Michael was sharp and discovered a passion for football. He was ready to play in his first game but never showed up.
"He didn't come back to school last week," Peterson said. "We were expecting him. We didn't know where he was, if he was sick or what happened."
Michael joined the small school last spring after the Coeur d'Alene tribal school had contacted the specialized school.
"We took him last spring. It sounded like he had a few scrapes, problems with the law," Peterson said.
He coached the maturing boy.
"We're not going to become violent or threatening to anybody," Peterson said he remembers saying to Michael.
"We saw tendencies of him doing that a little bit.
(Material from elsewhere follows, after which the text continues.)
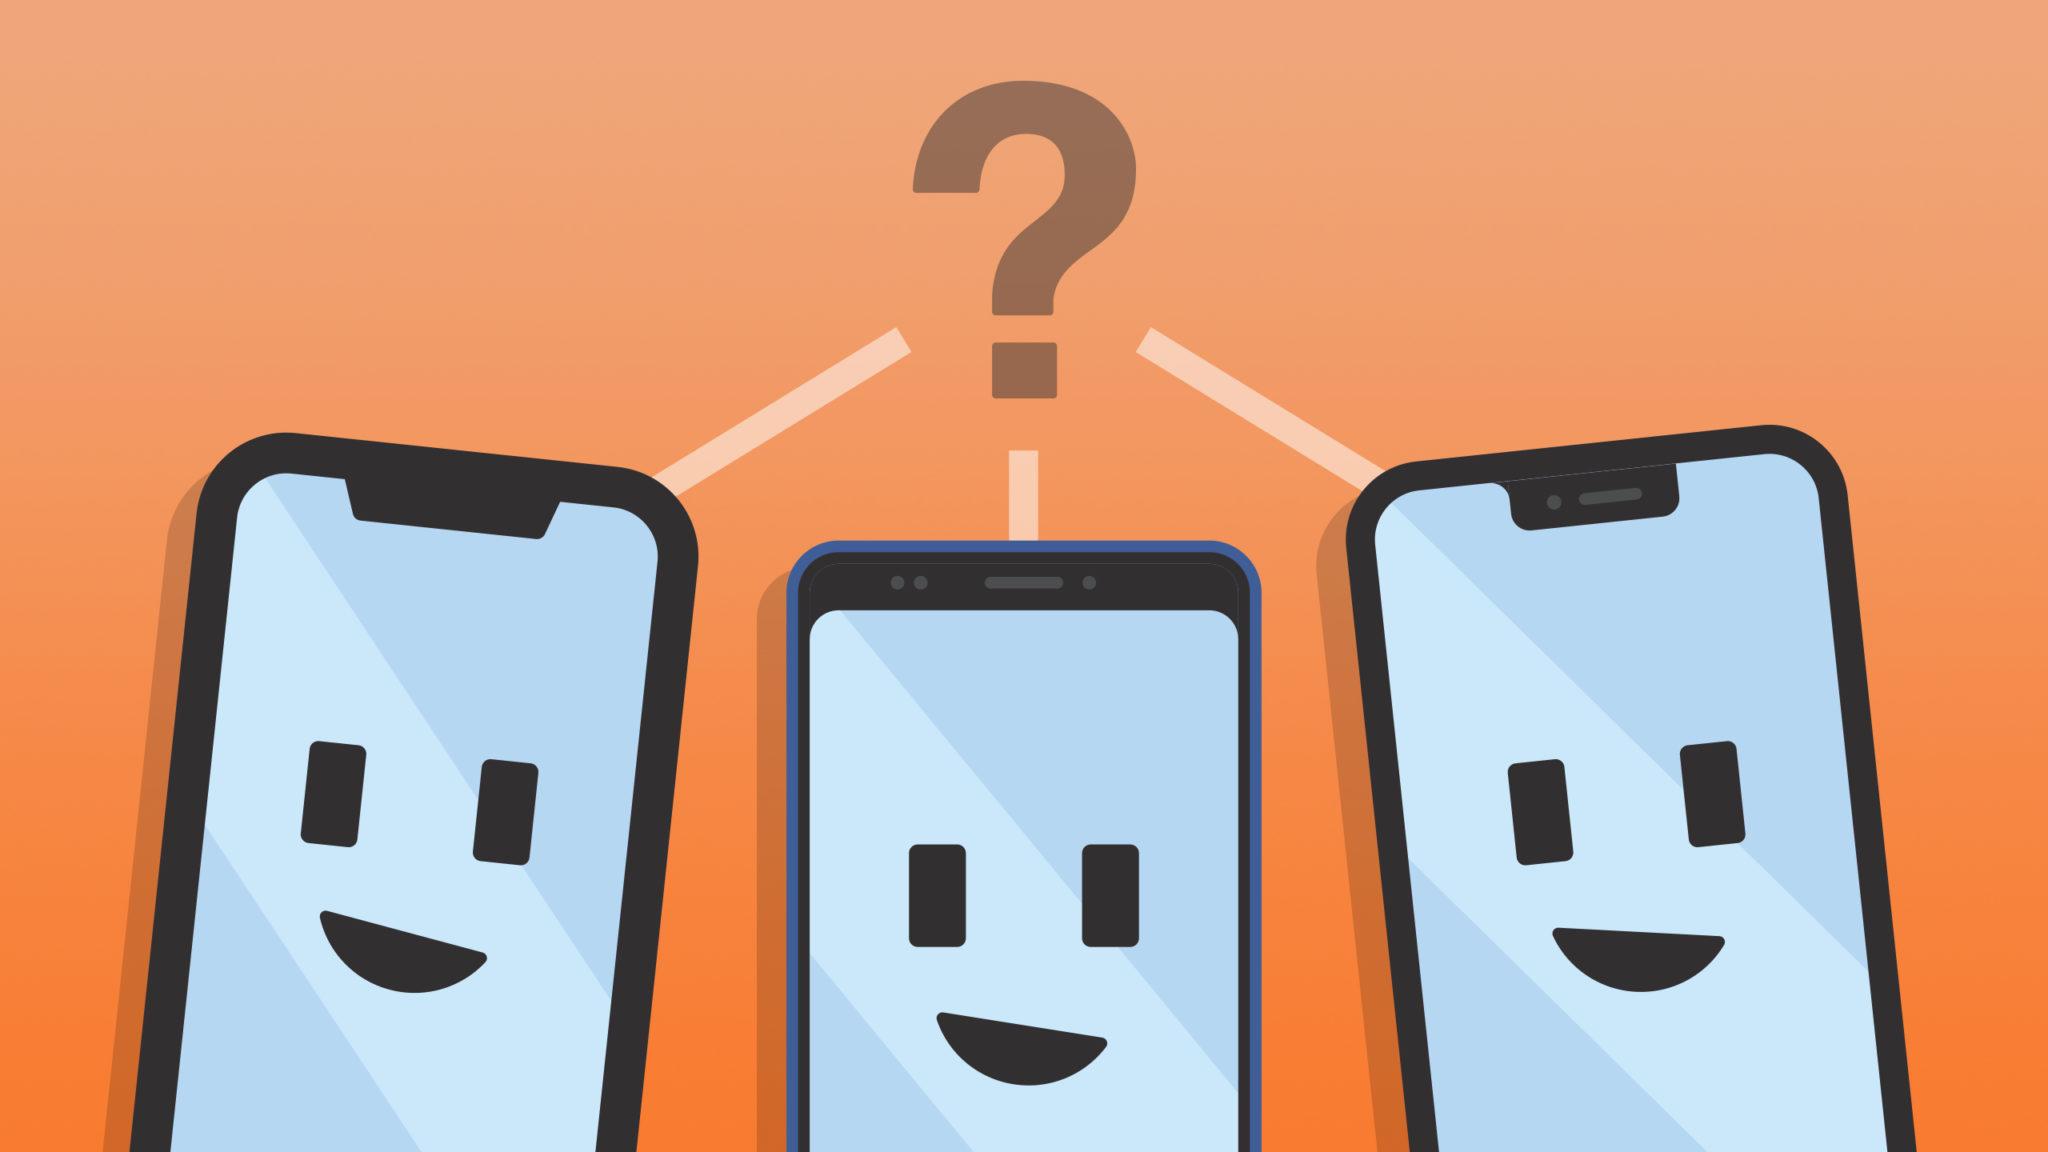 iPhone vs Android: ¿Cuál es mejor en April 2021?

We gave him time to cool off," he said.
"He's certainly one you didn't want to corner. You didn't want to show him there was no way out."
Another aunt, Dixie Stensgar, acknowledges that Michael had some history of run-ins with the law.
"I don't think it' was more than most kids," Stensgar said. "He was well-known. All the kids he grew up with were cousins and rough and tumbled together."
She was not sure how he ended up in the company of these other men drinking beer.
Michael came home to Worley on weekends and often visited his aunts and cousins in Spokane, Alexander said.
"The first thing he would do is give me a big bear hug," she said.
When he didn't come home Saturday night, she said, the family knew something was wrong. She said the family called juvenile detention and hospitals, but didn't find out what had happened until the police came to the house.
The incident is being investigated by the Spokane County Sheriff's Office, a standard procedure when a city police officer shoots a suspect.
•Staff writer Rob McDonald contributed to this report.